[buffalos-adult-chips] Chips For Fri



Adult Adult

Welcome to Buffalosjokes and Thank You for joining us. My
name is Buffalo and I have the watch.

Today's visit to the hospital was a really pleasant experience.
My appointment was scheduled for 0930 and I got there at
0915 and left my SUV at the entrance for the parking attendant.
I love valet parking which they started about six months ago. I
registered at Outpatient Receiving and was at the Radiology
Department by 0920. I was out of there and driving down the
street at 0937. This is the same hospital that I took my daughter
to 20 years ago and it took them 4 hours to find the on call
X-Ray Tech for the Emergency Room. Sure the prices have
went up but the level of service is beyond compare. I just hope
that when they overhaul the health industry in the next four years
they don't destroy what this hospital has accomplished.

I am afraid Spring suffered a little set back yesterday. Even though
it was sunny outside the temperature never got out of the twenties.
Today will be warmer though, possibly helped along by the
University's
38th annual burning of the snowman.
http://www.lssu.edu/whats_new/articles.php?articleid=1714

I have been reading my buddy Martin the Postman's adventures lately
as he has taken his bike out of winter storage and is ready to start

driving again. I haven't owned a motorcycle since my Navy days but
the
thought has crossed my mind a lot recently and I have been reading
the ads for everything from 125cc up.
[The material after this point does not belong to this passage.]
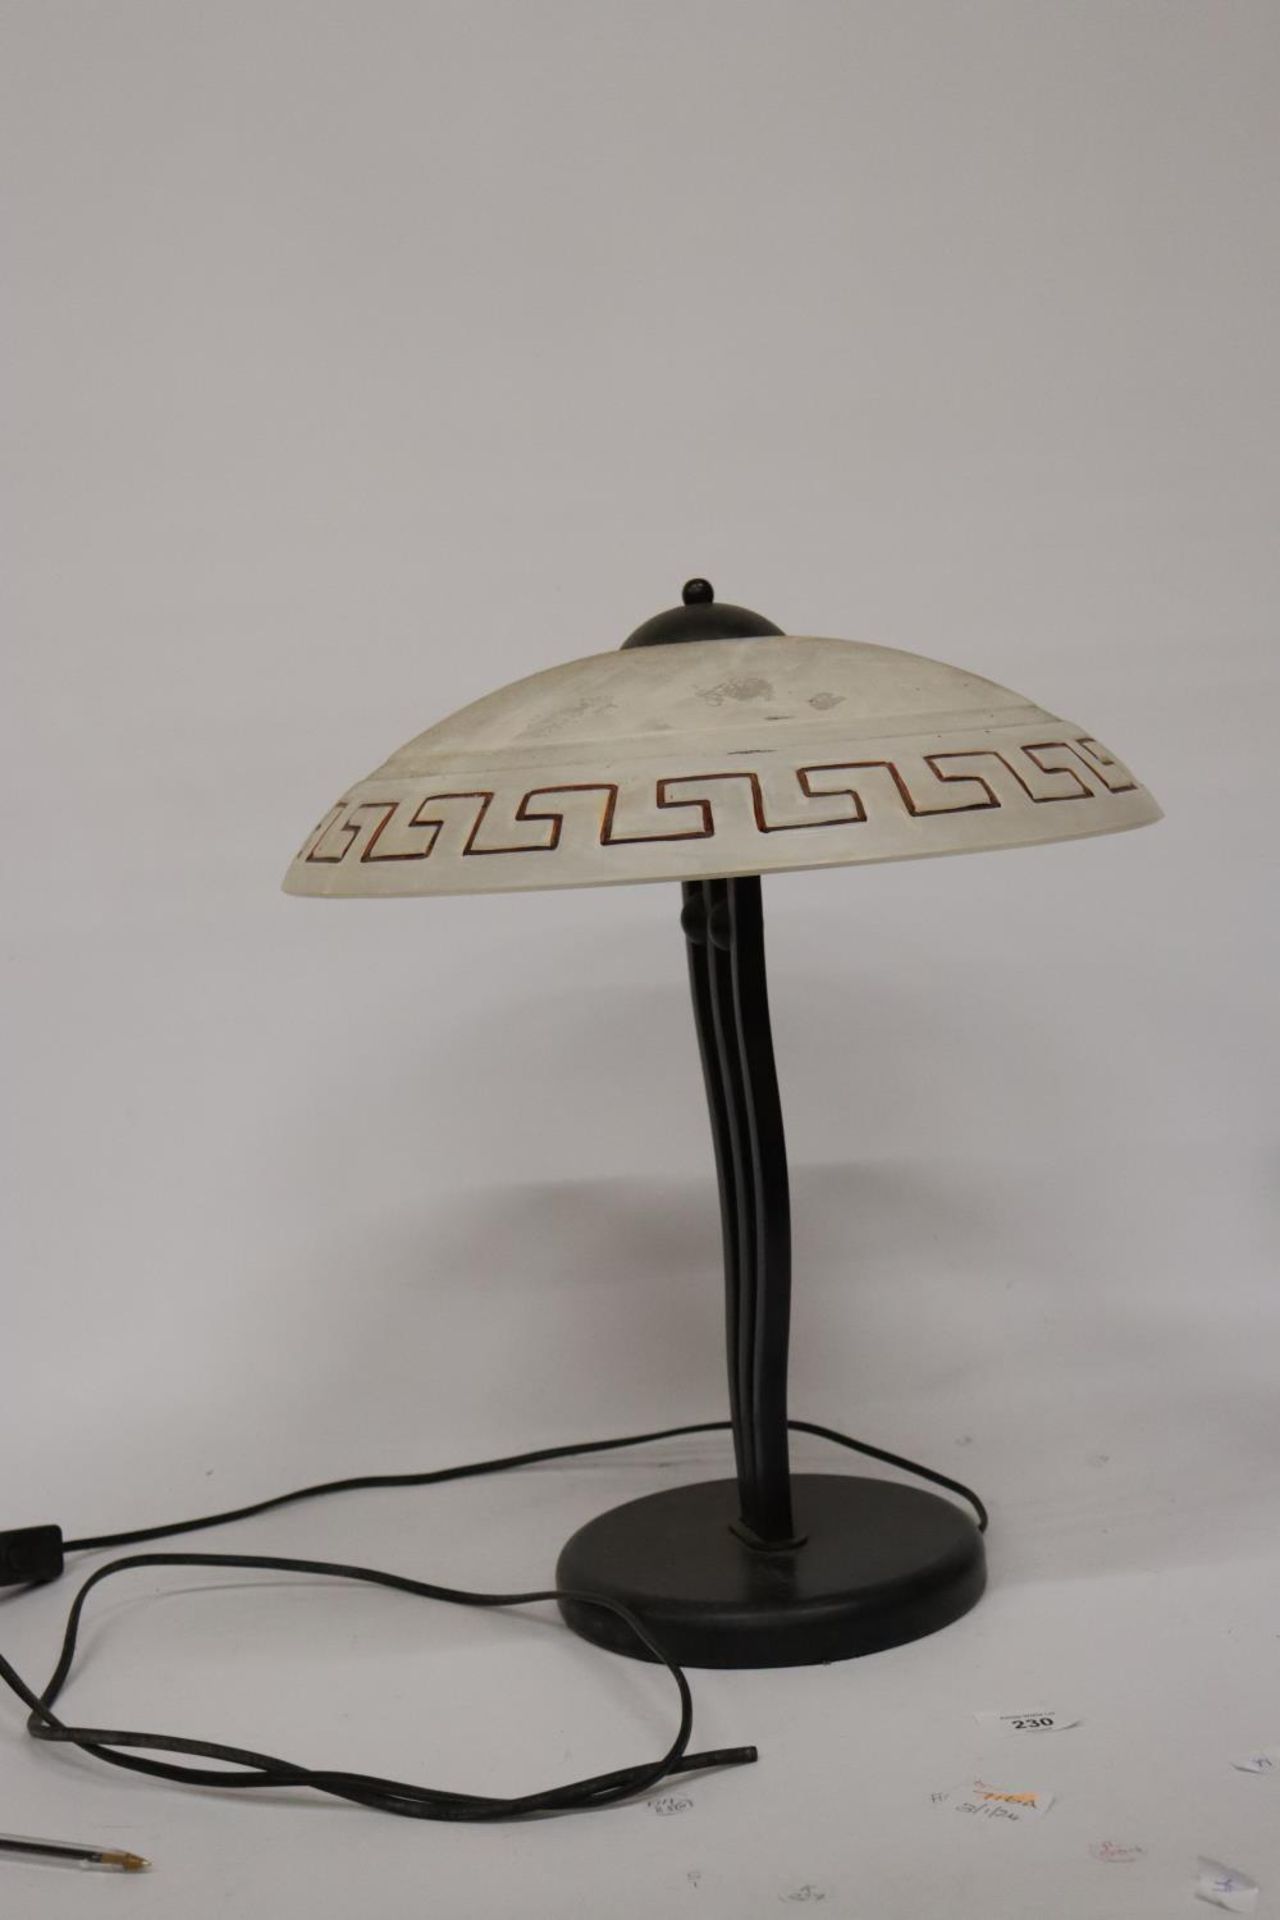 A HEAVY VINTAGE STYLE TABLE LAMP WITH METAL BASE AND GLASS SHADE, HEIGHT APPROX 42CM - Image 4 of 5

I keep having dreams about
buying a bike, driving it once and never being able to start it
again or
even worse having it disappear and spending the rest of the dream
looking for it. For most a motorcycle like a snowmobile is an
extravagance
as you can only use it six months out of the year and the dreams may

be a bad omen, so I probably won't buy one, however if someone were
to give me one I would probably look at it differently heh heh.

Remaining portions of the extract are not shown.